Under capitalism, production within workplaces is generally highly regimented, but the economy as a whole is a free-for-all. Businesses make their investment decisions behind closed doors, each hoping to get a leg up on the competition — by introducing the most popular model, the new product, the next trend. Success means a greater share of the market and therefore more profits.
All the important questions for society as a whole — how much food should be produced, how many homes to build, what kind of drugs to research and manufacture, how to generate electricity — are decided by the free market.
In economic good times, success seems contagious. Companies make ambitious investments, produce more and more, and watch the money roll in. But when enough companies jump in, the market gets saturated, sales slump, debts grow, and the record profits start to sink. The effects spread from part of the economy to the next, as Thier explains, using the example of oil:
If refineries sit idle because there is an overproduction of oil, the workers are laid off, and the creditors, who financed the investment, are dragged down as well. But as future oil extraction and refining projects are pulled back, so too is demand for the raw materials (steel, concrete, plastics, electricity, etc.) and engineering necessary for the production of oil rigs, pipelines, and so on. The construction business and service and retail companies, which had benefited from the springing up of oil boomtowns, suffer as well.
Because of the complexity of the international capitalist economy, the boom-slump roller-coaster ride can look and feel different each time around. Thier devotes a chapter to analyzing the crash last time: the Great Recession of 2008–9. She explains why and how the parasitical realm of banking and finance was the detonator of this slump but looks beyond popular left explanations about “financialization” to reveal the underlying crisis of global overproduction.
Among Marxist economics writers, there are some disagreements about the details here, specifically about “which aspects of Marx’s writing — falling profitability, overproduction (or in some cases, underproduction), disproportionality among branches, the role of credit — are emphasized and how these pieces fit together,” Thier writes.
In her account, Thier tends to stress overproduction, to the disappointment of those who emphasize falling profit rates.

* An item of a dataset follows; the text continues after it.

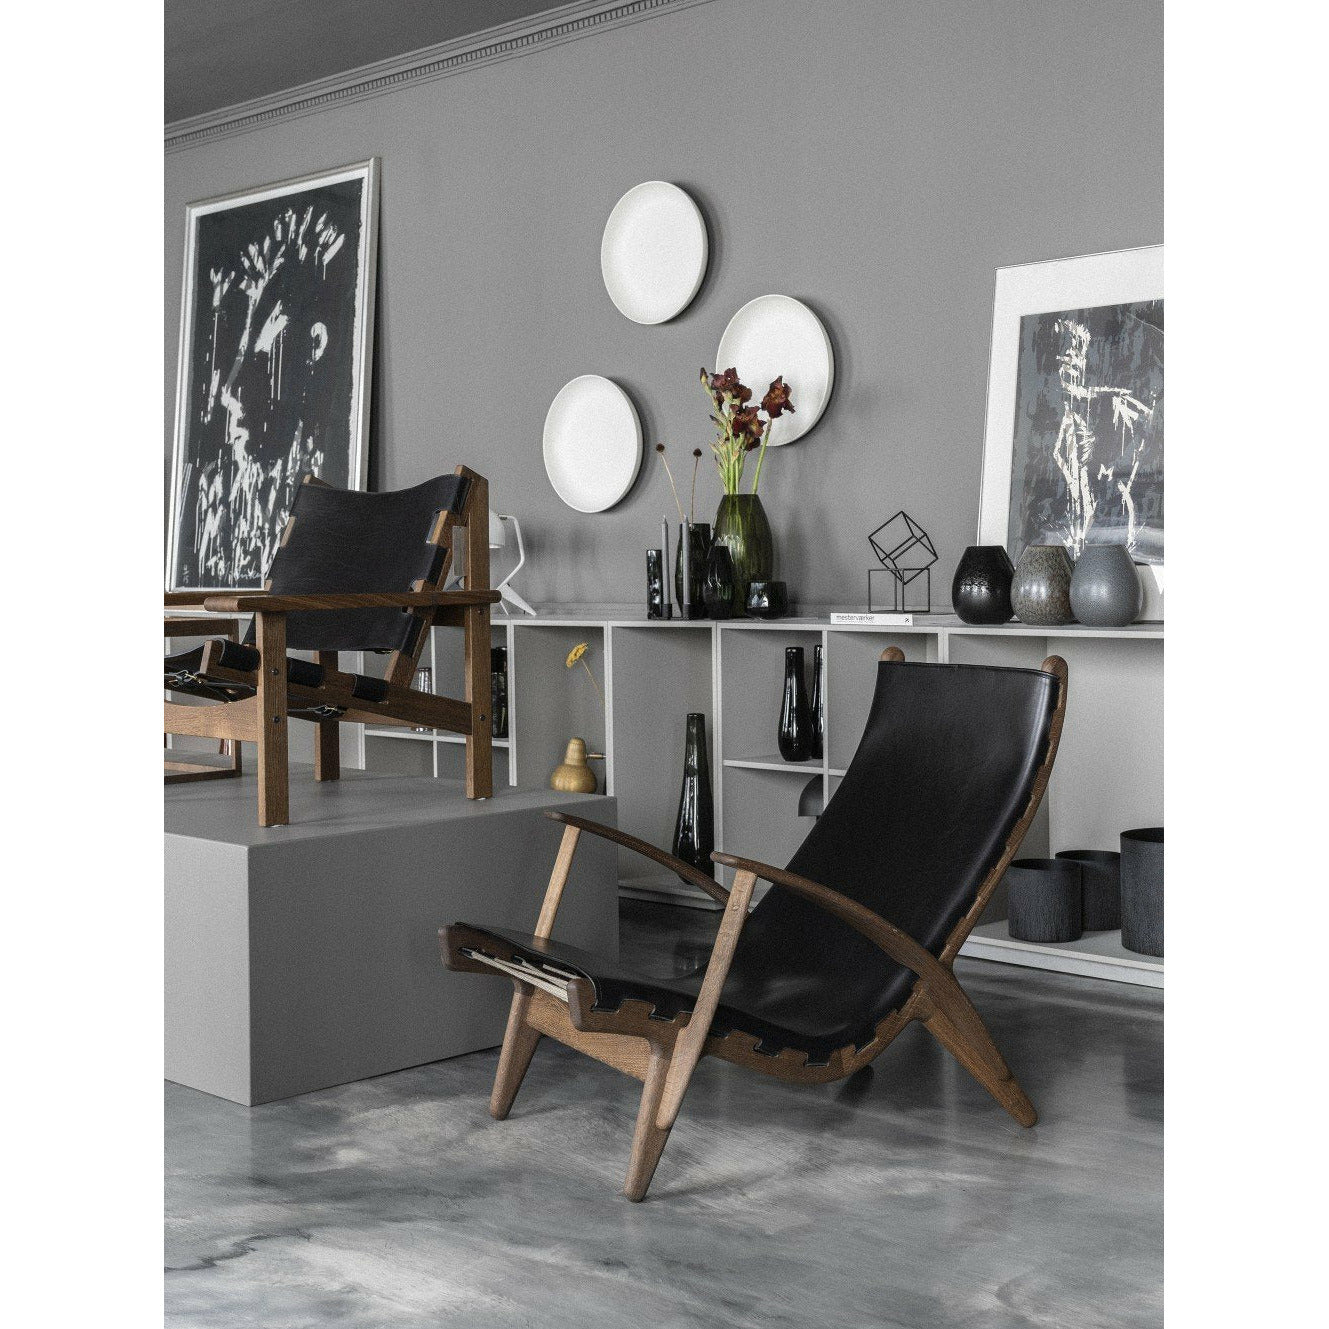 Klassik Studio PV King's Chair's Black Oak zbarvená, černá kůže
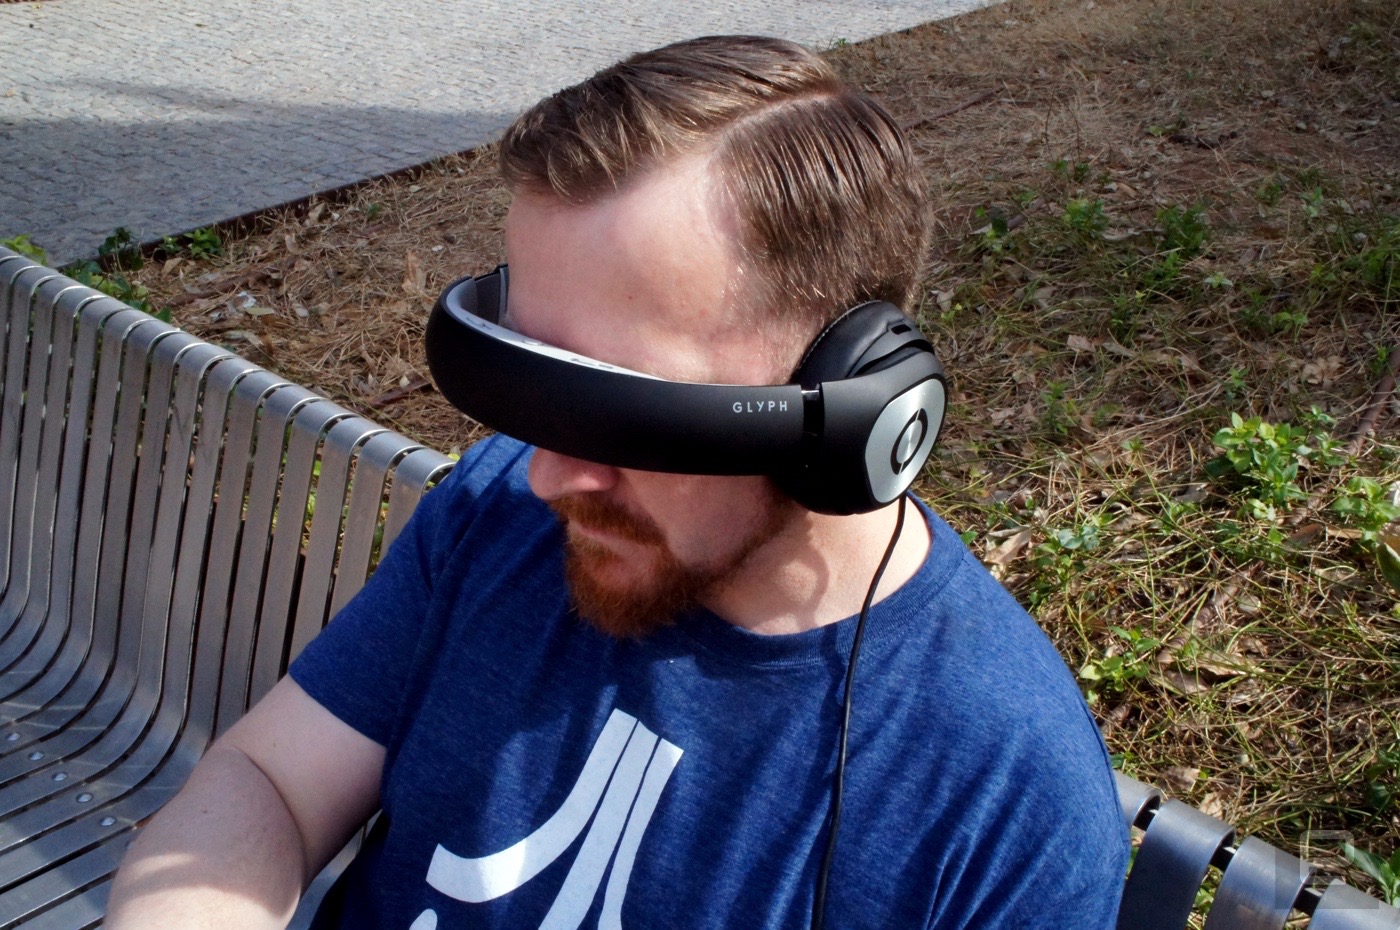 Avegant Glyph AG101 VR Headset Power 3D Mobile Theater

This focus on overproduction crucially emphasizes how an organic mechanism of capitalism — inevitable in a system driven by exchange, exploitation, and competition — repeatedly causes crisis.
Regardless of their ideology or morality (or lack thereof), capitalists are inevitably driven to reduce costs, they inevitably see an advantage in producing more for less, and this inevitably leads to frantic overproduction that undermines profitability and ultimately slams the economy into reverse.
In other words, capitalism stops working not because of a mistake or failed policy, but because it’s been working the way it’s supposed to. As Thier writes:
Competition is the mainstay of capitalism. It can’t be made friendlier or softer because it requires an accumulation of capital at any cost, in order to get ahead or get left behind.… These same processes of accumulation necessarily lead to contradictions that threaten the very profits that capitalists seek. Every contradiction for capitalism is both a great hazard to our lives — since we are made to pay the price — and also an important crack in the system. Every periodic crisis is a potential point around which to organize.
A People’s Guide to Capitalism is very much a book of the moment. It relies on a theoretical tradition dating back nearly two centuries, but the main setting is the Great Recession, the years of “recovery” and intensified neoliberalism that followed, and — thanks to a new introduction and afterword written while the book was already in production — the potentially more catastrophic crisis set off by the coronavirus pandemic.
This book helps us understand capitalism’s past and present — so we can fight better to make the future socialist.